I trained as a macromolecular X-ray crystallographer and my research has contributed broadly to structural biology; experimental design; mechanistic enzymology—energetic coupling within proteins; bioinformatics; and evolutionary biology—the origin of genetic coding.

Two mysteries about enzymes have fascinated me throughout my career: how they work and where they came from.

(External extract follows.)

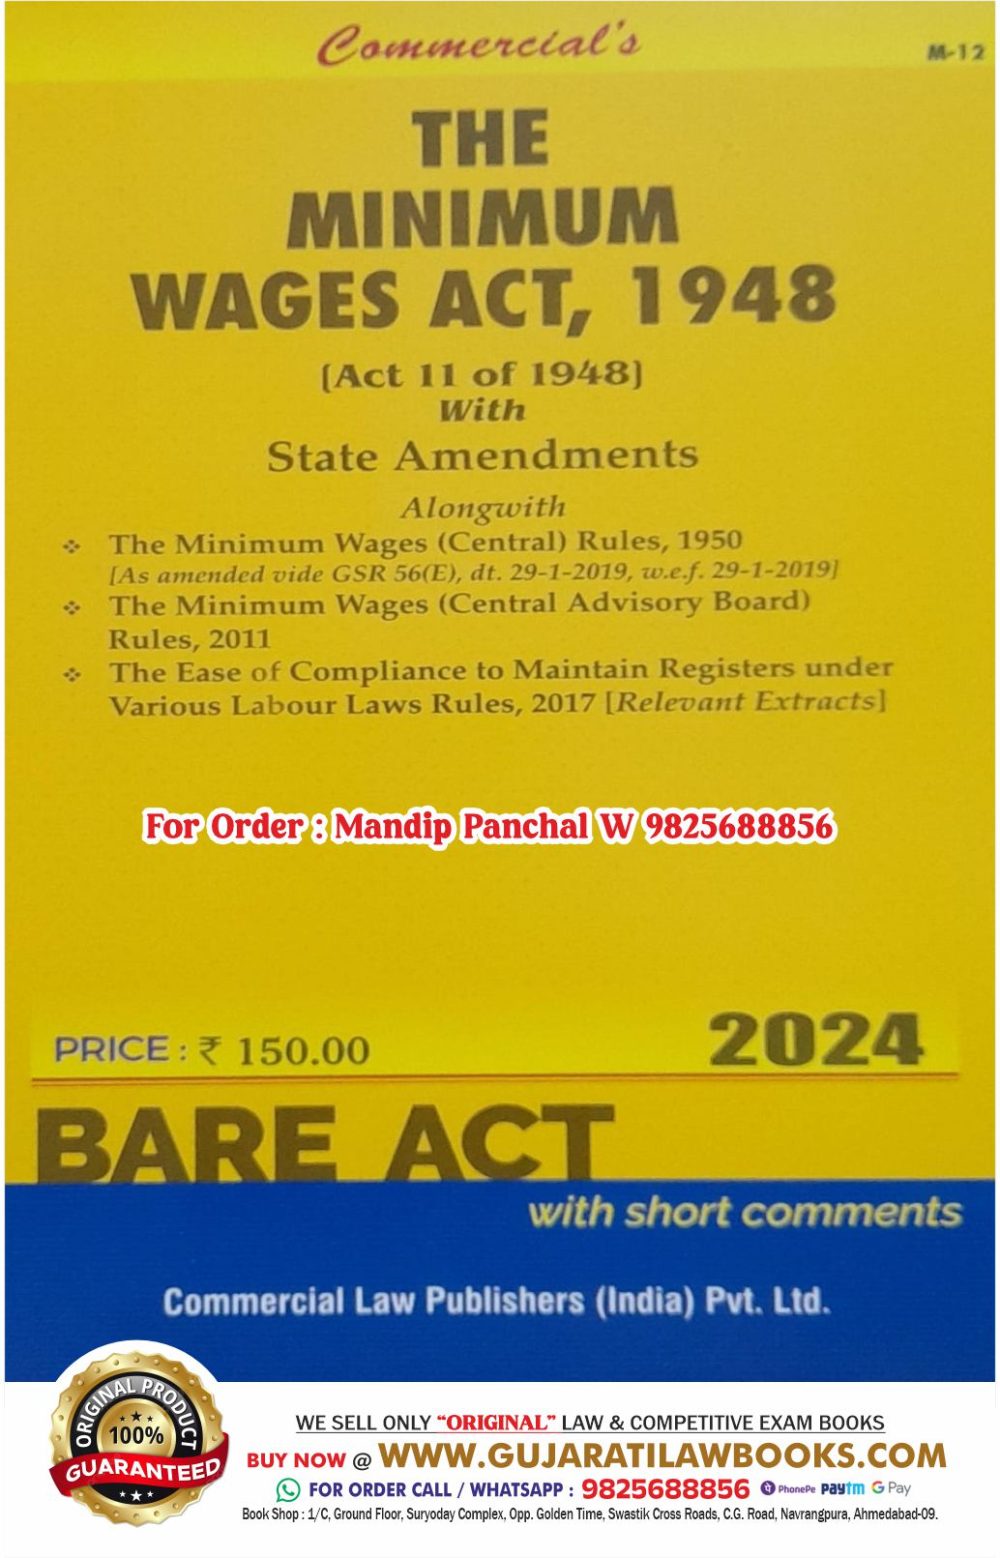 Minimum Wages Act, 1948 - BARE ACT - Latest 2024 Edition Commercial
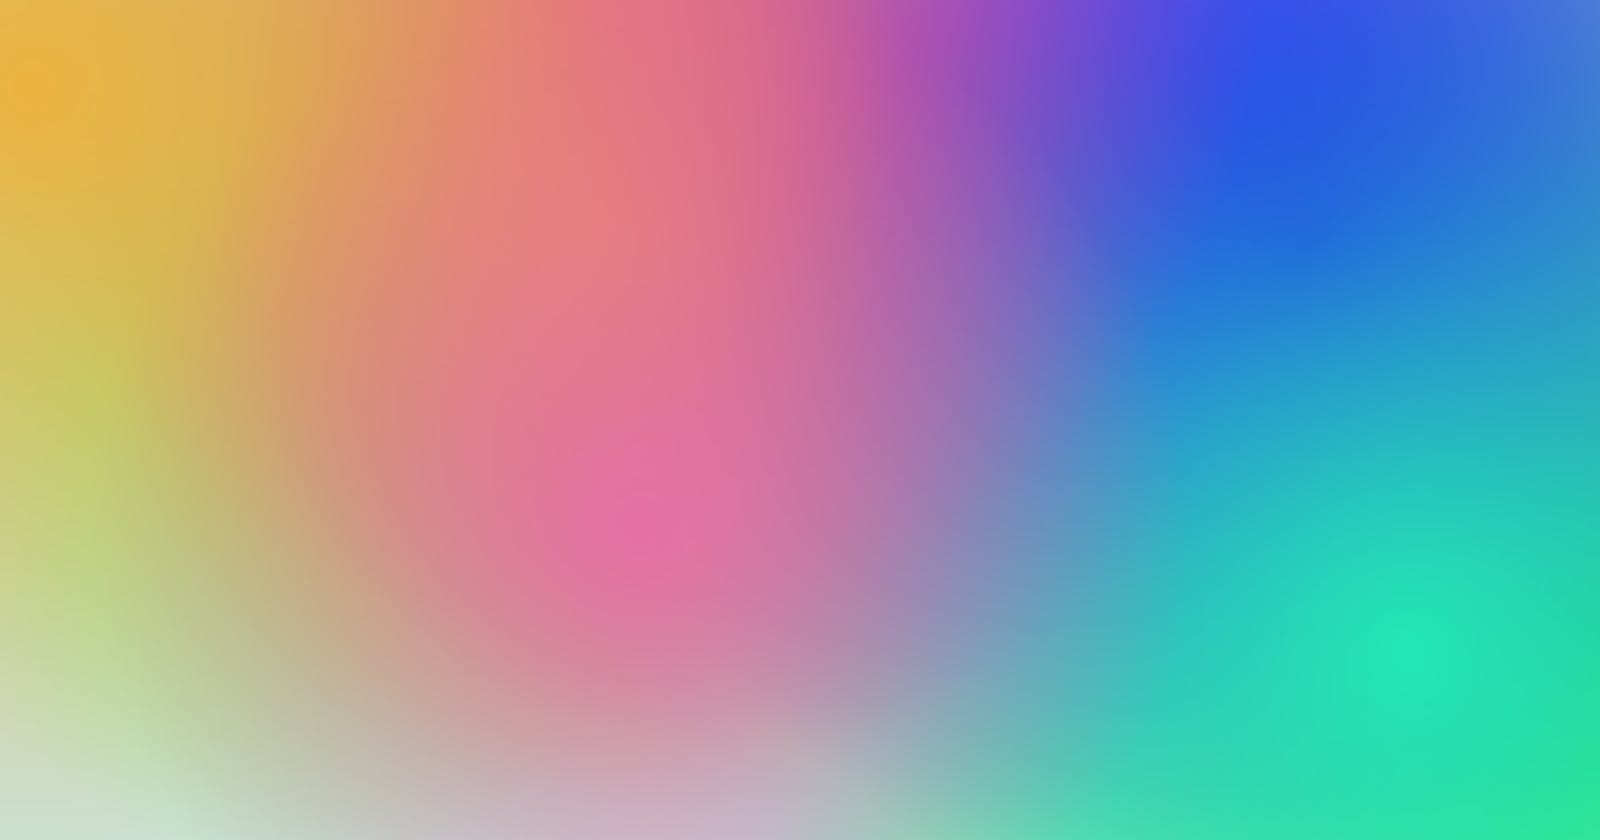 Tailwind Gradients - How to Make a Glowing Gradient Background

Tryptophanyl-tRNA synthetase (TrpRS) introduced my group to novel aspects of both mysteries:

Mechanistic Enzymology and Allostery

  • Ligand-dependent crystal growth gave us a full set of conformations related to the mechanism (Fig. 1).
  • Combinatorial mutagenesis and thermodynamic cycles allowed us to identify what we feel are the central long-range coupling between domain motion, catalysis, and specificity (Fig. 2).
  • Minimum action pathways furnished computational parameters we could correlate quantitatively with both structural and functional consequences of the mutagenesis (Fig. 3).
  • TrpRS illustrates the conversion of ATP hydrolysis free energy into information with the use of an “escapement mechanism” which allows it to transcend the second law of thermodynamics (Fig. 4, Fig. 5).

Origins of genetic coding

  • Modular deconstruction of superposed 3D structures of the two aminoacyl-tRNA synthetase superfamilies led to the identification of successively more highly conserved motifs—Urzymes and Protozymes—that we have expressed and shown retain high catalytic proficiencies (Figure 6).
  • We built sound, multidimensional support for the Rodin-Ohno hypothesis that the two aminoacyl-tRNA synthetase superfamilies descended from opposite strands of the same ancestral bidirectional gene (Figure 7).
  • Bidirectional coding is a bizarre notion; it means that the unique information in a gene has two entirely different interpretations, depending on which strand is translated (Figure 8).
  • We related amino acid physical chemistry to both protein folding and tRNA recognition (Figure 9).
  • We uncovered the recognition signals in tRNA bases that implement the complementary duality observed in the aminoacyl-tRNA synthetases (Figure  10).
  • Relationships in Figures 8 and 9  demonstrate how cognate aaRS/tRNA pairs became the molecular dictionary that translates  the genetic code. They also serve as a nanosensing mechanism essential to indirect, computational genetic coding (Figure 11).
  • The most important selective advantage of ancestral bidirectional coding was probably that it assured the colonization of parts of amino acid sequence space that are as distinct as possible from each other, assuring that descendants of the aaRS could generate the diversity seen in the proteome.
  • They establish a convincing scenario for how the synthetases were able evolve—reflexively—as the first proteins able to enforce the rules by which they are translated (Figure 11).